One approach is to describe the information directly on the page itself, and not in the alt text. This approach also benefits people with learning and cognitive disabilities who may have difficulty understanding complex information. It is also a potential benefit for everyone, since it gives site visitors another way to make sense of the content. And it’s good for SEO, since it adds keywords that would otherwise be locked in the image.
We recommend going one step further and providing a summary of the complex image using a caption on the page itself. If you take this approach, you use an empty alt attribute alt=””, since all the relevant information is already on the page. If there is no room for a caption, you can put the summary in the alt text and direct the reader to the information on the page.
In some cases, the same image may be used dynamically in different components or pages. If this situation, review all contexts before writing alt text. If the image needs alt text in at least one context, include it, even if it’s not necessary in all contexts. If an image needs alt text in all contexts, use your discretion to decide which alt text to write based on what context is most useful, most common, or most important.
Describe the purpose of the image: In most cases, you should describe the purpose or function of the image in that specific context, as opposed to describing the contents of the image itself. Think what is the point of this image instead of what is this an image of.

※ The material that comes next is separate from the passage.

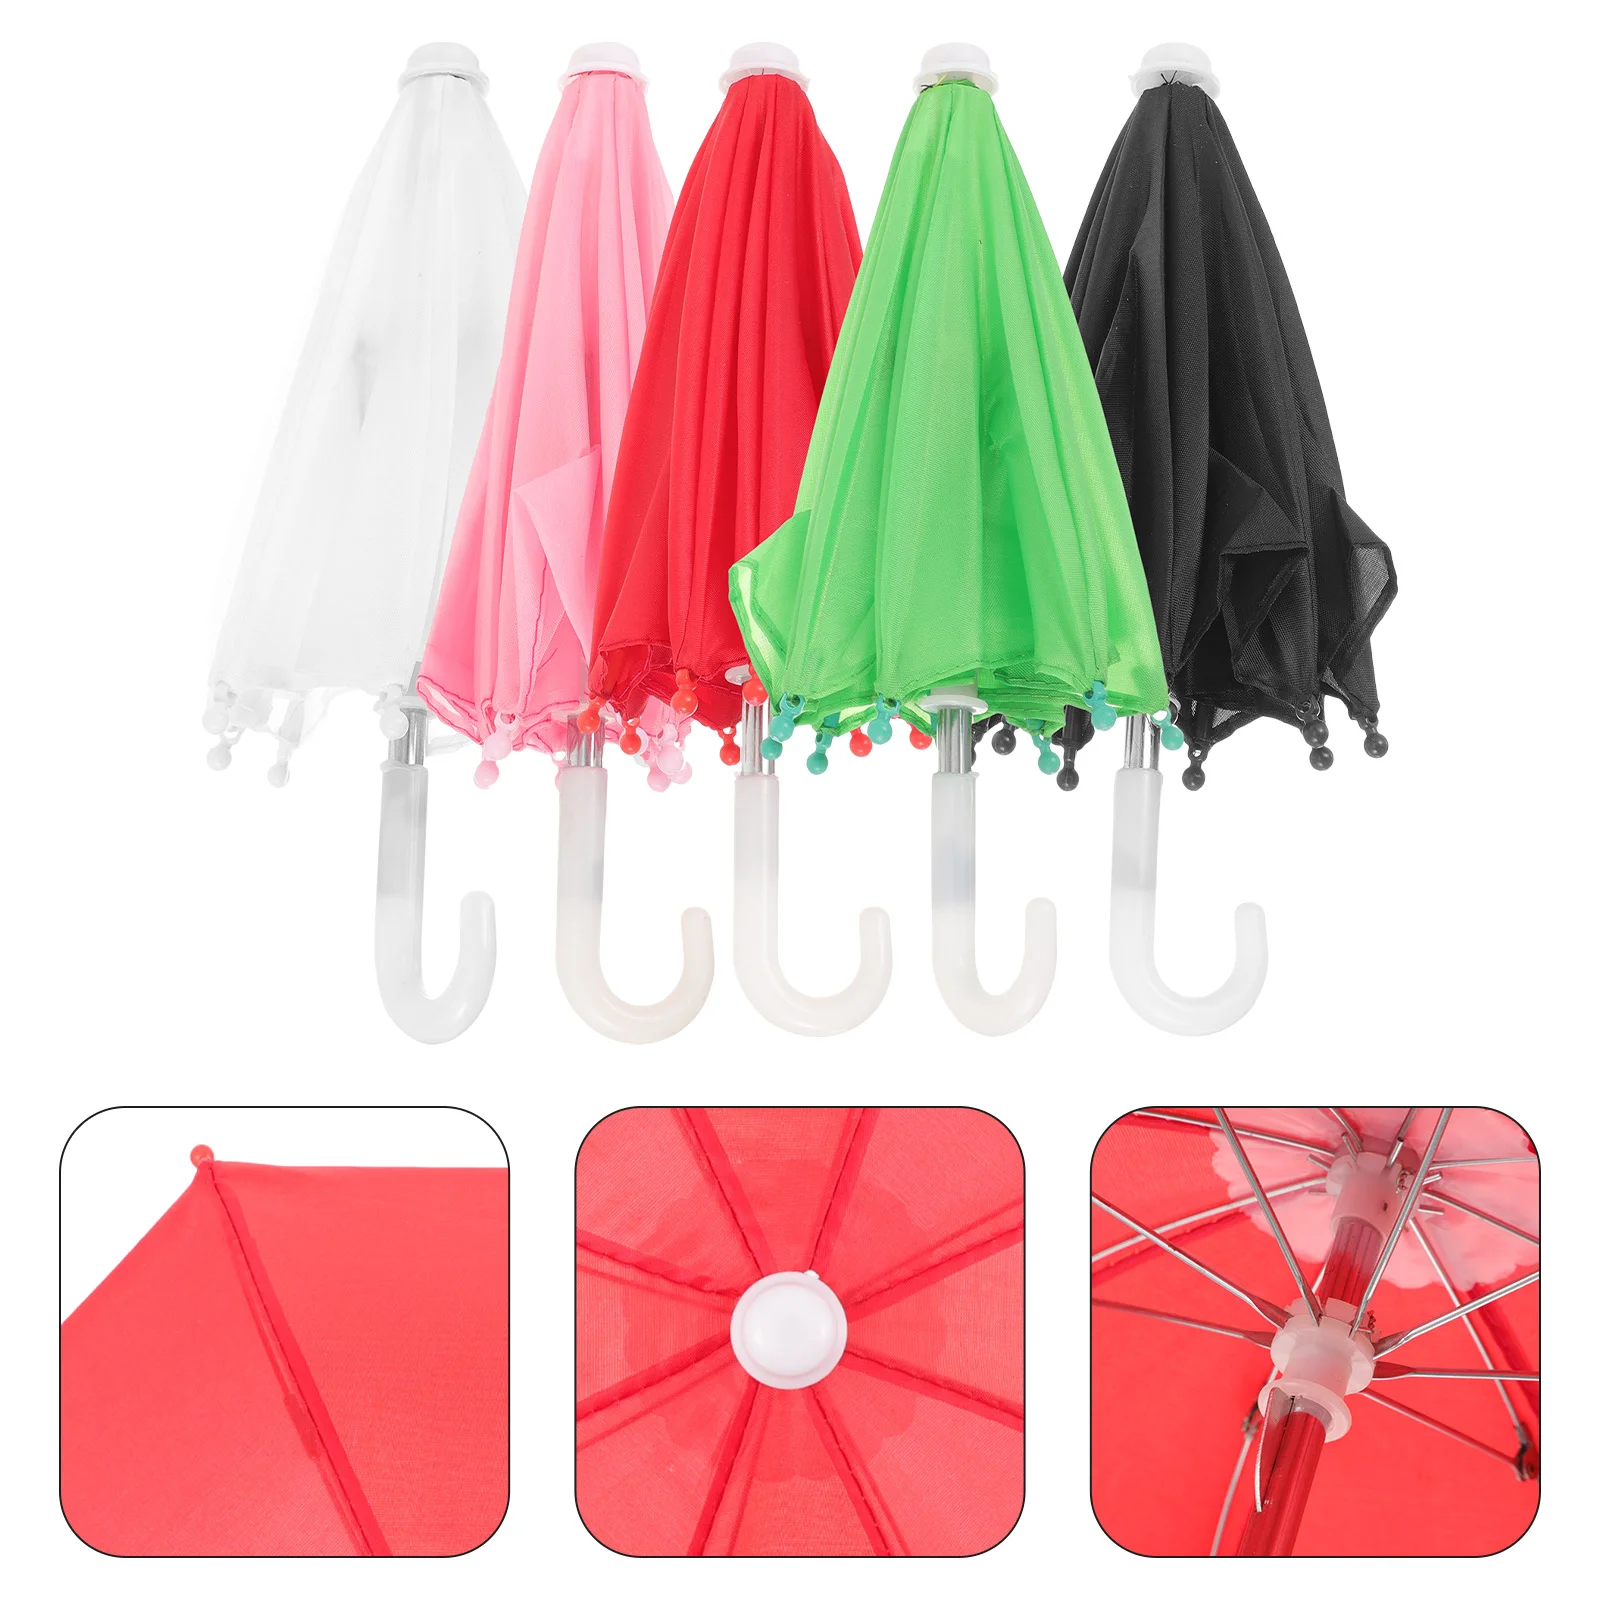 

5Pcs Decorative Umbrellas Miniature Umbrella Decors Adorable Umbrella Models

Keep it short: People who use screen readers often find overly descriptive alt text tedious and not useful. Ideally alt text should be 4-6 words. If an image is too complex to communicate within that limit, follow best practices for complex images.
Avoid unnecessary phrases: Don’t identify image as images (the screen does that already) or specify the format (e.g. “image of…” or “photograph that shows…”) For logos, you should just use the name of the organization or company; there is no need to say “logo of” first. For images that are within links, don’t say “link to….”; the screen reader will identify links automatically.
Rely on the experts: Because alt text depends on the context of its use, it’s important for the author of the alt text to be someone who was involved in the content creation. In other words, ideally the content author or subject matter expert, or whoever selected the image, should write the alt text. Developers and designers are not the ideal people to write alt text for informational images.
Don’t overcompensate: Avoid the temptation to overcompensate by writing long, overly descriptive alt text. You do not need to describe the image in great detail; it’s more important to accurately describe its purpose. No one—including people who use screen readers—wants to wade through clutter when visiting a website. When in doubt, it’s better to err on the side of brevity.